My bro's latest setup.


----------



## shaunous

It'll do the trick.

I like that option though, ya forget them esky's have such a good seal u can stand them up-ways.


----------



## fixa4377

some great stuff in here fellas!

Something to strive for! I already have a CUB keg set up at home, (regulator, font and gas), so only really need to do a brew and buy a few 19L jobs,

Might crawl before I walk though and do a few bottled brews first to make sure i can even do it lol,, :beer:


----------



## azzasn

waggastew said:


> Starting to put together my portable keg setup.
> 
> Main aim was to have something to take to parties to dispense 9.5L kegs AND be completely self contained. This last bit was the most difficult as I had to consider regulator, gas bottle etc. Went through a few permutations and ended up going with a SS bottle and single stage mini-reg. Decided against keg chargers as I didn't want to have to play around with the gas during the party. This setup should be essentially plug and play.
> 
> Just installed the tap.
> 
> 
> 
> 
> 
> 
> 
> Can you tell me where you got that reg from? are they the disposable gas cylinders?
> thanks


----------



## waggastew

azzasn said:


> Can you tell me where you got that reg from? are they the disposable gas cylinders?
> thanks


Reg is from Cheeky Peak Brewing - http://cheekypeakbrewery.com.au/index.php/co2-gas-bottles-regulators-accessories/product/239-stainless-steel-mini-reg

Gas cylinder is a Sodastream bottle. You can buy them pretty well anywhere (BIGW, Good Guys etc). You will also need an adaptor on the SS bottle to fit the reg. I bought mine from Keg King but CP also sell a similar thing - http://cheekypeakbrewery.com.au/index.php/co2-gas-bottles-regulators-accessories/product/494-co2-soda-stream-adaptor-with-washers

No affilliation to CP, they were the only ones I could find who stocked the regs. Seems to be working OK for my purposes.


----------



## azzasn

Thanks for that, your setup there is how I want to do it. Are you refilling your own soda stream bottles?


----------



## breakbeer

FYI, you can swap empty Soda Stream bottles at Woolies for $16


----------



## waggastew

The SS bottles are only used to push the beer out of the tap. I have a larger 3.8kg bottle and full reg to carbonate the beer in my tempmate controlled chesty. I remember reading on here somewhere the calcs for how much beer you can push with a SS bottle, something like 6-8 19L kegs?????? I figure I should slightly less than double that for 9.5L kegs i.e. 12kegs??? I actually plan to buy another SS bottle so I have a spare that can be used if the other runs out and I can still use the setup while waiting to go get a refill.


----------



## Kiwimike

Here's a great idea


----------



## sp0rk

I'll post some pics of my keg esky on sunday, I'm half way through the build using foam core verandah roofing panels for insulation and skinning in 7mm ply
I discovered last night that liquid nails doesn't stick to foam that well and have to reglue half of the foam


----------



## blotto

About ten years ago my Dad converted a small Wheelie Bin into a kegorator, we painted the bin yellow and the lid white to look like a big beer. It was fully insulated and kept a keg cold for days. I used to have a photo on here but that was a long time ago and it seems to be missing. 

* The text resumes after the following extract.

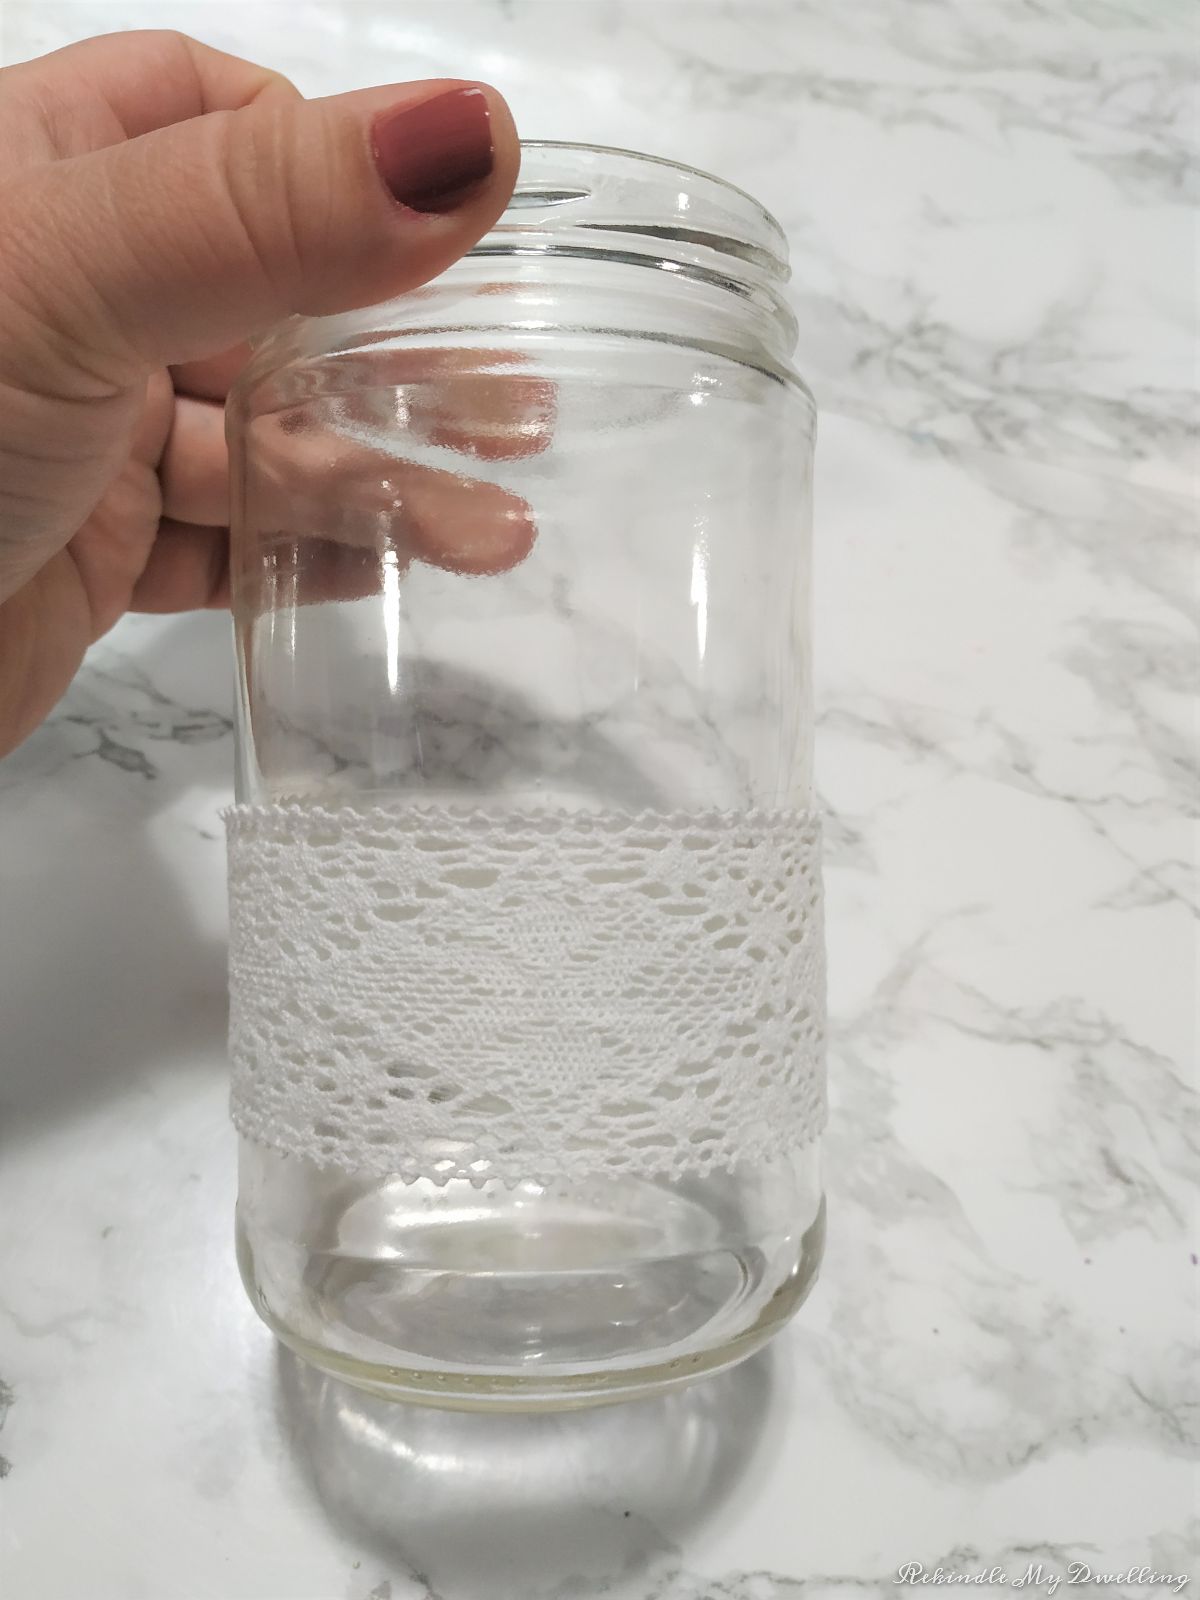 A hand holding a mason jar tied with lace fabric.

We were talking about it a few months ago maybe even 6 as we haven't seen it since we all left Karratha and Dad sold it, anyway I went to his place for dinner last night and he wheels this out and says he has made me a new one. It's a bit of an improvement over the old one with checker plate and the decal is the same stuff they use on cars apparently. I'm thinking I might just have to give it a try today


----------



## Yob

That is epic..

Can ya send your old boy down here for an arvo


----------



## Yob

Where'd he get the decal?


----------



## Tahoose

Makes my portable rig look poxy.


----------



## blotto

Yob said:


> Where'd he get the decal?


Hi Yob,

Thanks mate, he put a lot of work into it and he'll be stoked to get the good feed back.

I'm not sure where he got it done but he told me he took it into a printing/decal shop and asked them to make it look like a big beer. Apparently it wasn't that easy and the guy that did it would rather do a car than another bin  He did a fantastic job tho!


----------



## Tahoose

Does look awsome!


----------



## shaunous

Thats awsome Wort!!!

Give your old man a pat on the back for me ey.


----------



## Nizmoose

Thought I'd dig this thread up! I recently bought my first keg setup with the aim of having some beer on tap at home and being able to take a keg to a mates place easily and thus settled on a 9.5L keg with a mini reg and 400g CO2 tank. My girlfriends 21st was on the long weekend and prior to that I brewed a pale ale that I wanted to have on tap during the party therefore I had to find a way to present the beer nicely. Us youngies at the moment seem to be all over anything rustic or indie looking and so I looked at a few ideas and decided I wanted to go with a wooden box using pallet wood for added rustic factor and low/no cost. Being only 22 I'm not exactly a seasoned woodworker or engineer but the construction was fairly basic and wasn't all that hard to throw together.

Heres the general box construction, its simply planks to the right height nailed together by a length at the top and bottom of the wall which are also used to hold the floor and lid:




The lid is simply more lengths not stuck together to make it flexible in terms of use and being able to open the box only partly (access to keg/co2 seperately):





Made a shitty platform out of pallet bits to hold the CO2 cylinder at the right height so that the reg and gas tap can be above the lid, just happened to be the perfect height:



There it is in the box just loose:


you can just see the box used to hold the keg in that photo, didnt get one of it by itself, its just a plastic box with handles, holds the keg and ice to keep the keg cold.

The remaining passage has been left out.